--- WHAT IS BEING ASKED ---
Please repeat exactly the lines below from the one containing "On a winter’s" down to the one containing "Soccer Football - Premier", both included, and nothing else.

--- AVAILABLE DATA ---
----
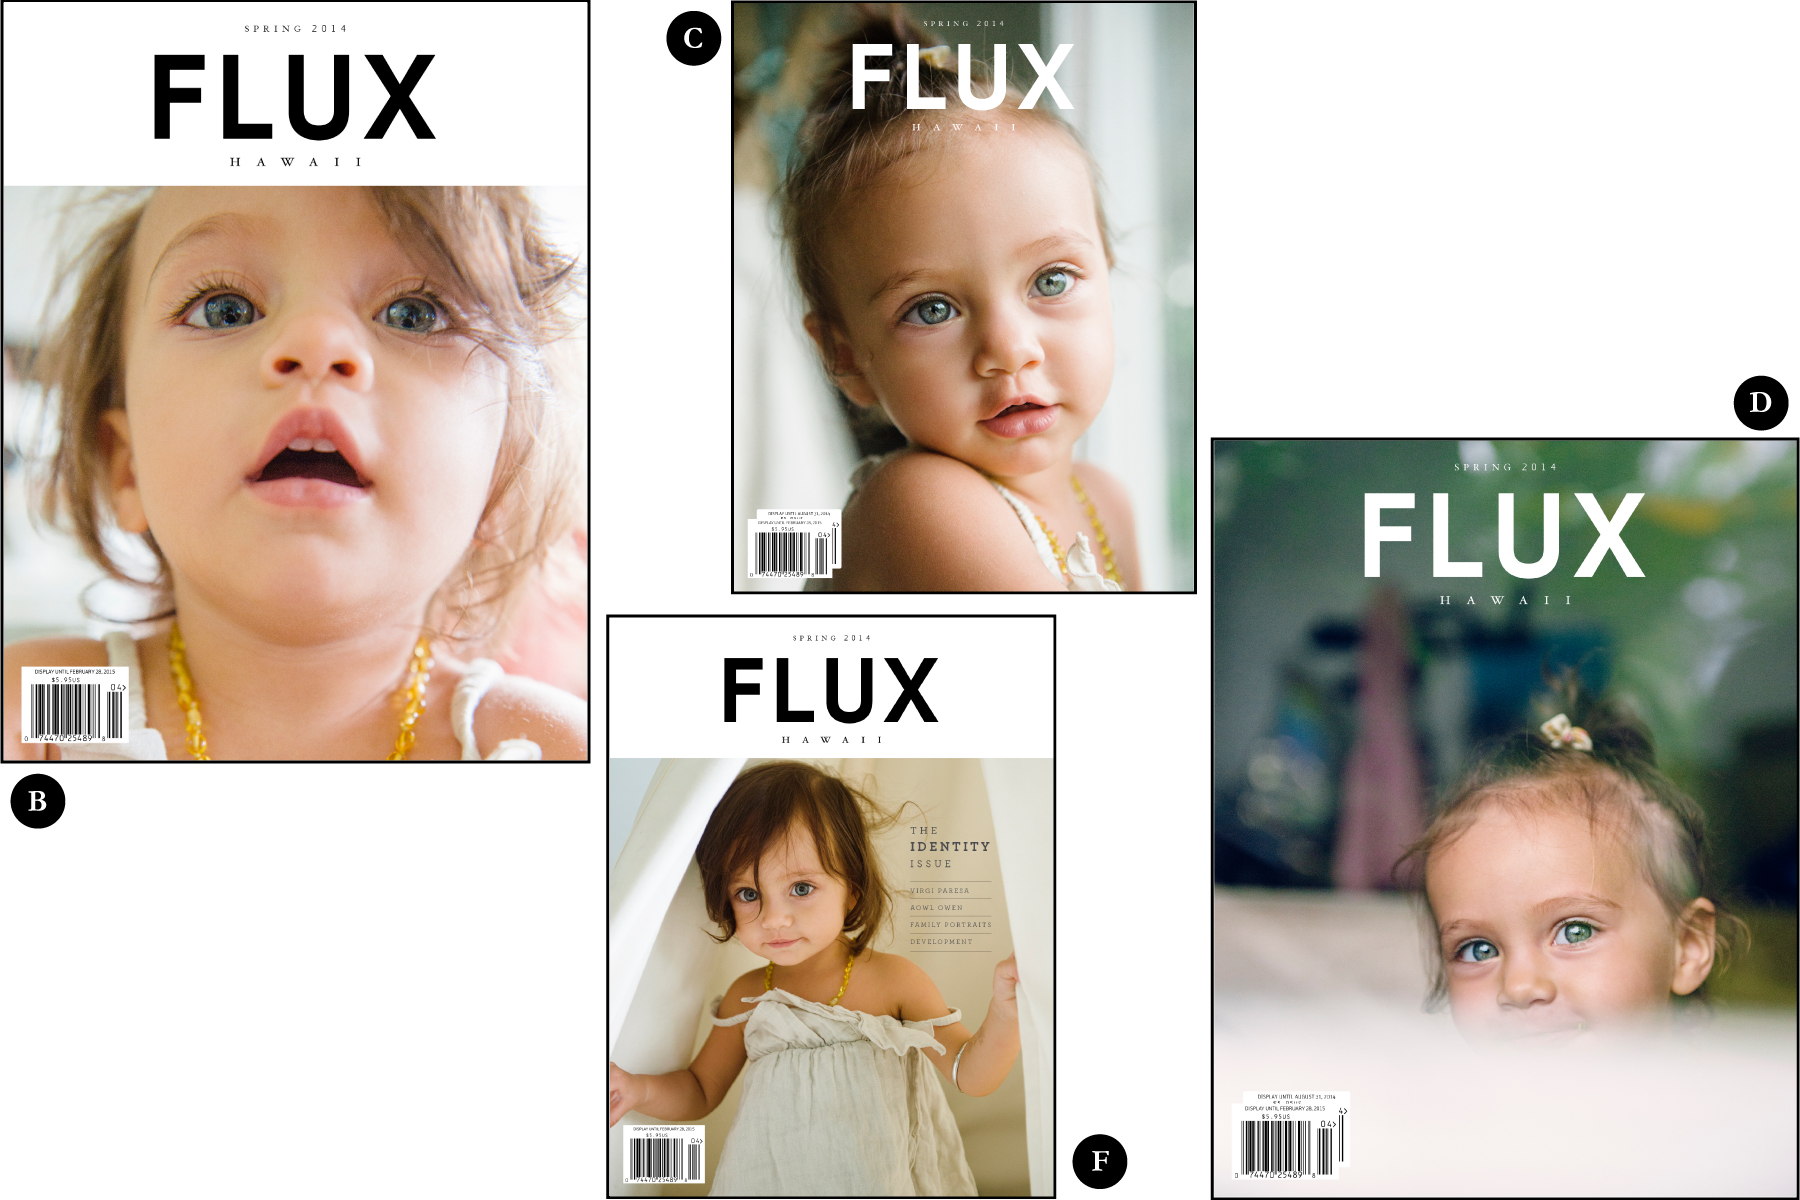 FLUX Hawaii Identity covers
----
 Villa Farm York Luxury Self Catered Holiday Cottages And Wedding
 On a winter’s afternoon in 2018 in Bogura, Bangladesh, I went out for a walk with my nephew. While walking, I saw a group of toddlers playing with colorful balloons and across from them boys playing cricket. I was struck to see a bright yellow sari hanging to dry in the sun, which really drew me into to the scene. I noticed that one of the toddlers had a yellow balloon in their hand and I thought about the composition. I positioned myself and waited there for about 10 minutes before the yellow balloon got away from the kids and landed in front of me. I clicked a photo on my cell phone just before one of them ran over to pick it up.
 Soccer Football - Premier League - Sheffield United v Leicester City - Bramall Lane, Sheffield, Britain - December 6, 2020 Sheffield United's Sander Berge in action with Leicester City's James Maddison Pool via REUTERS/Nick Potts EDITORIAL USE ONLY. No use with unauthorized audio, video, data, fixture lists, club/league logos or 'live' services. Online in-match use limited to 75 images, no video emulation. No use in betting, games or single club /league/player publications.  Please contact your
----
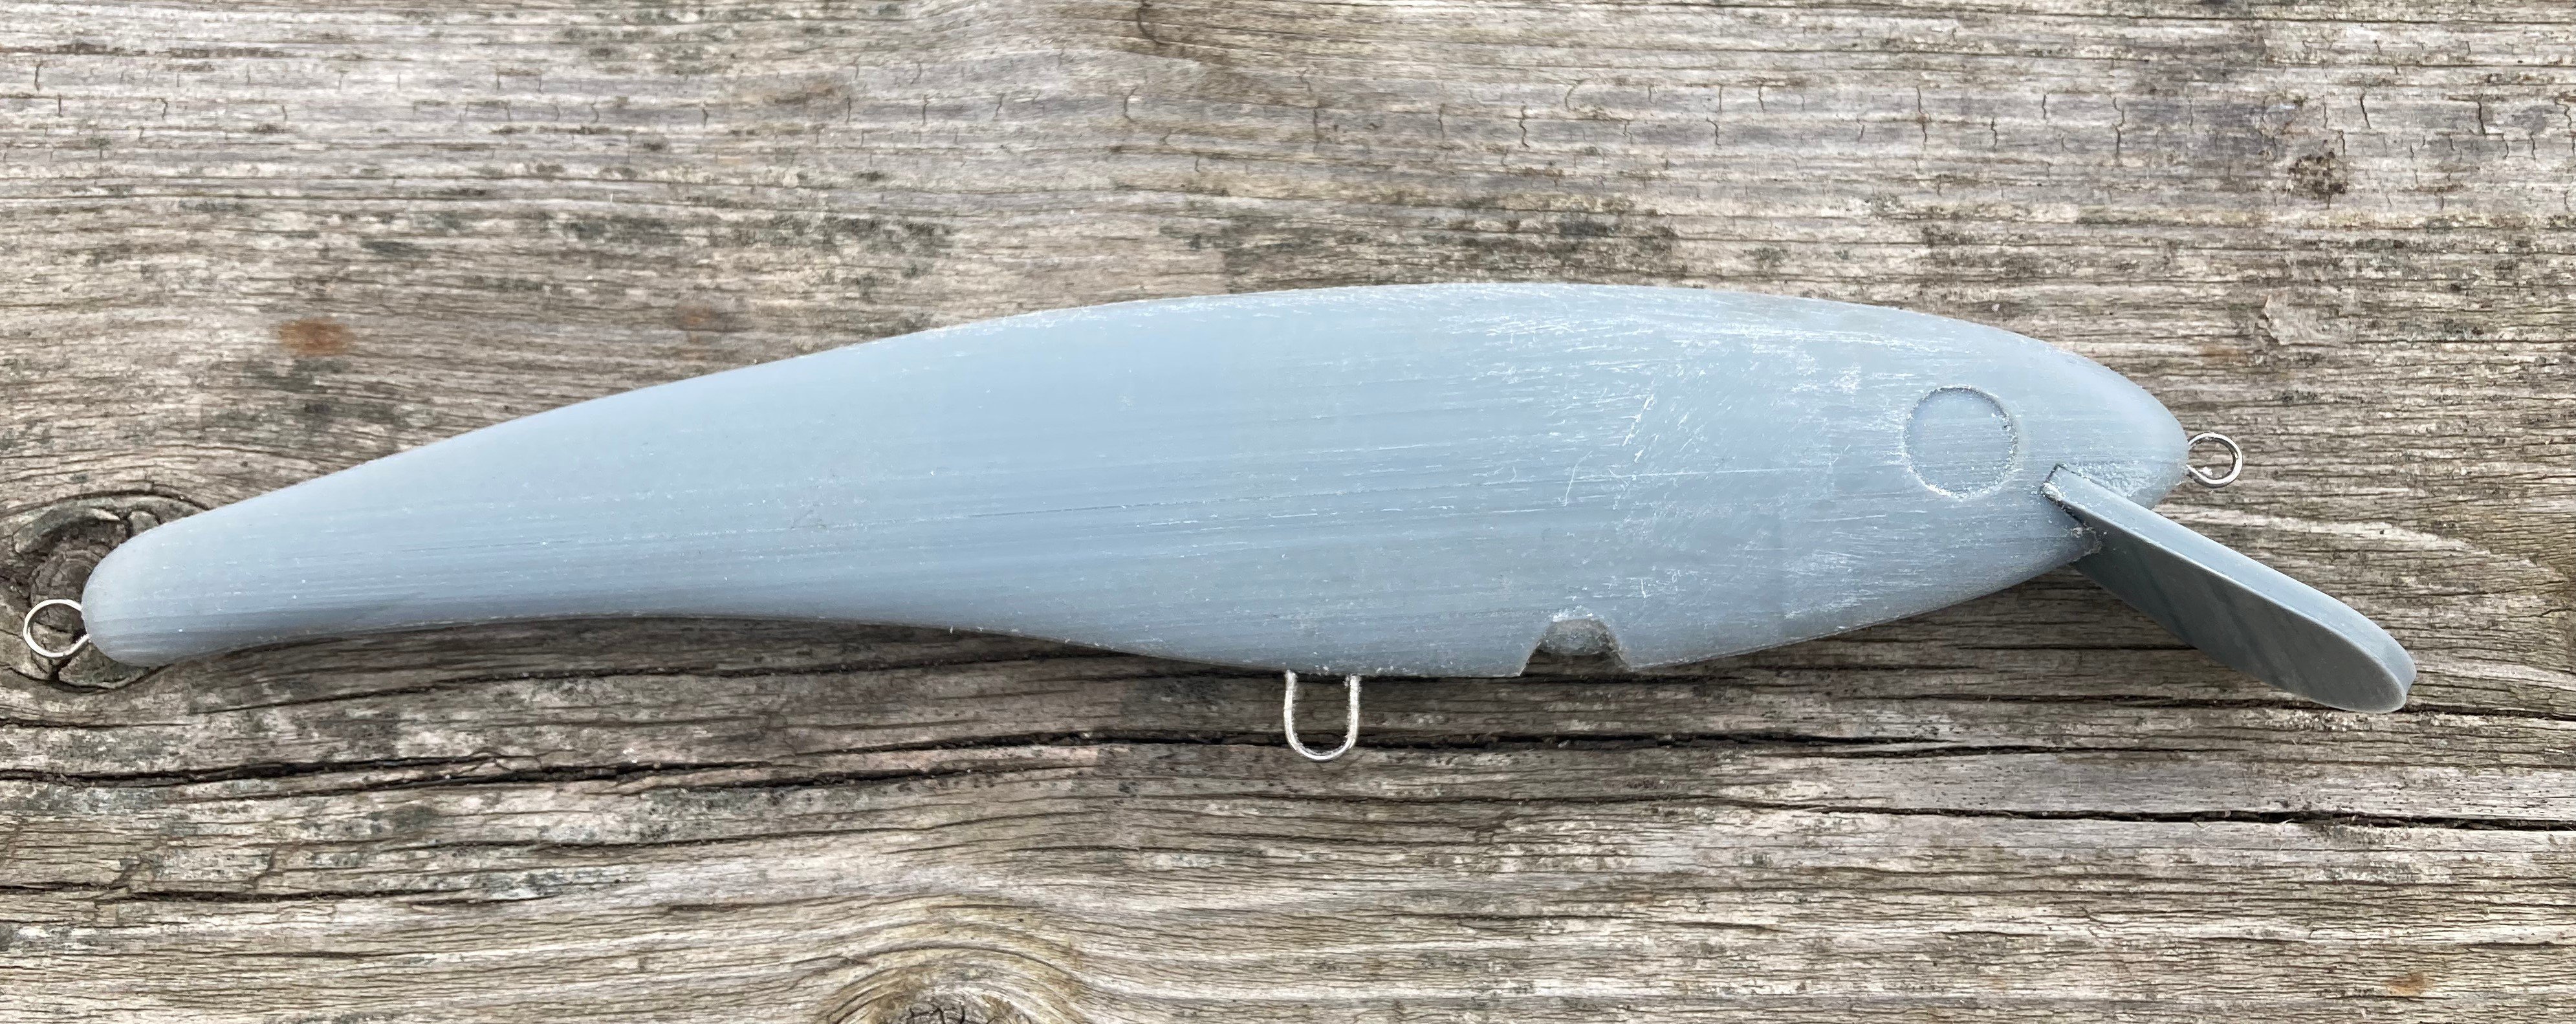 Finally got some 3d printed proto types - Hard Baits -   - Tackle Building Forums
----
--- SOLUTION FOR THIS PROBLEM ---
 On a winter’s afternoon in 2018 in Bogura, Bangladesh, I went out for a walk with my nephew. While walking, I saw a group of toddlers playing with colorful balloons and across from them boys playing cricket. I was struck to see a bright yellow sari hanging to dry in the sun, which really drew me into to the scene. I noticed that one of the toddlers had a yellow balloon in their hand and I thought about the composition. I positioned myself and waited there for about 10 minutes before the yellow balloon got away from the kids and landed in front of me. I clicked a photo on my cell phone just before one of them ran over to pick it up.
 Soccer Football - Premier League - Sheffield United v Leicester City - Bramall Lane, Sheffield, Britain - December 6, 2020 Sheffield United's Sander Berge in action with Leicester City's James Maddison Pool via REUTERS/Nick Potts EDITORIAL USE ONLY. No use with unauthorized audio, video, data, fixture lists, club/league logos or 'live' services. Online in-match use limited to 75 images, no video emulation. No use in betting, games or single club /league/player publications.  Please contact your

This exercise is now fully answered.